On 8/30/20 10:42 AM, Roger Heflin wrote:
> The LSI should be a good controller as long as you the HBA fw and not
> the raid fw.
>
> I use an LSI with hba + the 8 AMD chipset sata ports, currently I have
> 12 ports cabled to hot swap bays but only 7+boot disk used.
>
> How many recording do you think you will have and how many
> clients/watchers?  With the SSD handling the writes for recording my
> disks actually spin down if no one is watching anything.
>
> The other trick the partitions let me do is initially I moved from 1.5
> -> 3tb disks (2x750 -> 4x750) and once I got 3-3tbs in I added the 2
> more partitions raid6(+1.5TB) (I bought the 3tb drives slowly), then
> the next 3tb gets added to all 4 partitions (+3TB).
>
> On reads at least each disk can do at least 50 iops, and for the most
> part the disks themselves are very likely to cache the entire track
> the head goes over, so a 2nd sequential read likely comes from the
> disk's read cache and does not have to actually be read.  So several
> sequential workloads jumping back and forth do not behave as bad as
> one would expect.  Write are a different story and a lot more
> expensive.  I isloate those to ssd and copy them in the middle of the
> night when it is low activity.  And since they are being copied as big
> fast streams one file at a time they end up with very few fragments
> and write very quickly.   The way I have mine setup mythtv will find
> the file whether it is on the ssd recording directory or the raid
> recording directory, so when I mv the files nothing has to be done
> except the mv.
>
>
> On Sat, Aug 29, 2020 at 7:56 PM Ram Ramesh <rramesh2400@gmail.com> wrote:
>> On 8/29/20 4:26 PM, Roger Heflin wrote:
>>> It should be worth noting that if you buy 2 exactly the same SSD's at
>>> the same time and use them in a mirror they are very likely to be
>>> wearing about the same.
>>>
>>> I am hesitant to go much bigger on disks, especially since the $$/GB
>>> really does not change much as the disks get bigger.
>>>
>>> And be careful of adding on a cheap sata controller as a lot of them work badly.
>>>
>>> Most of my disks have died from bad blocks causing a section of the
>>> disk to have some errors, or bad blocks on sections causing the array
>>> to pause for 7 seconds.  Make sure to get a disk with SCTERC settable
>>> (timeout when bad blocks happen, otherwise the default timeout is a
>>> 60-120seconds, but with it you can set it to no more than 7 seconds).

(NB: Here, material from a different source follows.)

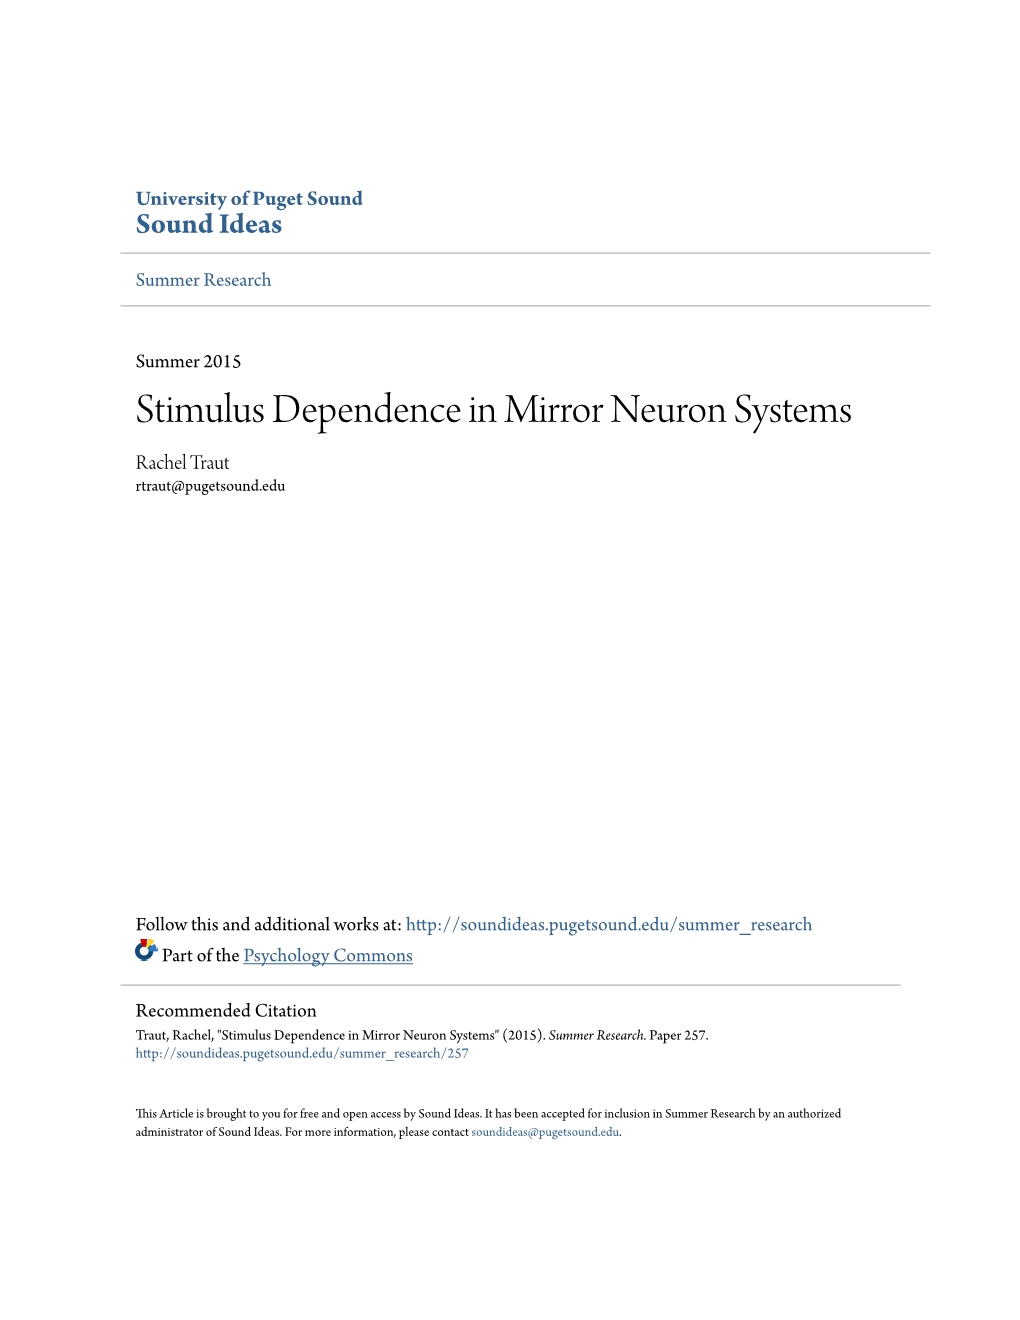 Stimulus Dependence in Mirror Neuron Systems Rachel Traut Rtraut@Pugetsound.Edu

>>>    In the cases where the entire disk did not just stop and is just
>>> getting bad blocks in places, typically you have time as only a single
>>> section is getting bad blocks, so in this case having sections does
>>> help.    Also note that mdadm with 4 sections like I have will only
>>> run a single rebuild at a time as mdadm understands that the
>>> underlying disks are shared, this makes replacing a disk with 1
>>> section or 4 sections basically work pretty much the same.  It does
>>> the same thing on the weekly scans, it sets all 4 to scan, and it
>>> scans 1 and defers the other scan as disks are shared.
>>>
>>> It seems to be a disk completely dying is a lot less often than badblock issues.
>>>
>>> On Sat, Aug 29, 2020 at 3:50 PM Ram Ramesh <rramesh2400@gmail.com> wrote:
>>>> On 8/29/20 12:02 AM, Roman Mamedov wrote:
>>>>> On Fri, 28 Aug 2020 22:08:22 -0500
>>>>> "R. Ramesh" <rramesh@verizon.net> wrote:
>>>>>
>>>>>> I do not know how SSD caching is implemented. I assumed it will be
>>>>>> somewhat similar to memory cache (L2 vs L3 vs L4 etc). I am hoping that
>>>>>> with SSD caching, reads/writes to disk will be larger in size and
>>>>>> sequential within a file (similar to cache line fill in memory cache
>>>>>> which results in memory bursts that are efficient). I thought that is
>>>>>> what SSD caching will do to disk reads/writes. I assumed, once reads
>>>>>> (ahead) and writes (assuming writeback cache) buffers data sufficiently
>>>>>> in the SSD, all reads/writes will be to SSD with periodic well organized
>>>>>> large transfers to disk. If I am wrong here then I do not see any point
>>>>>> in SSD as a cache. My aim is not to optimize by cache hits, but optimize
>>>>>> by preventing disks from thrashing back and forth seeking after every
>>>>>> block read. I suppose Linux (memory) buffer cache alleviates some of
>>>>>> that. I was hoping SSD will provide next level. If not, I am off in my
>>>>>> understanding of SSD as a disk cache.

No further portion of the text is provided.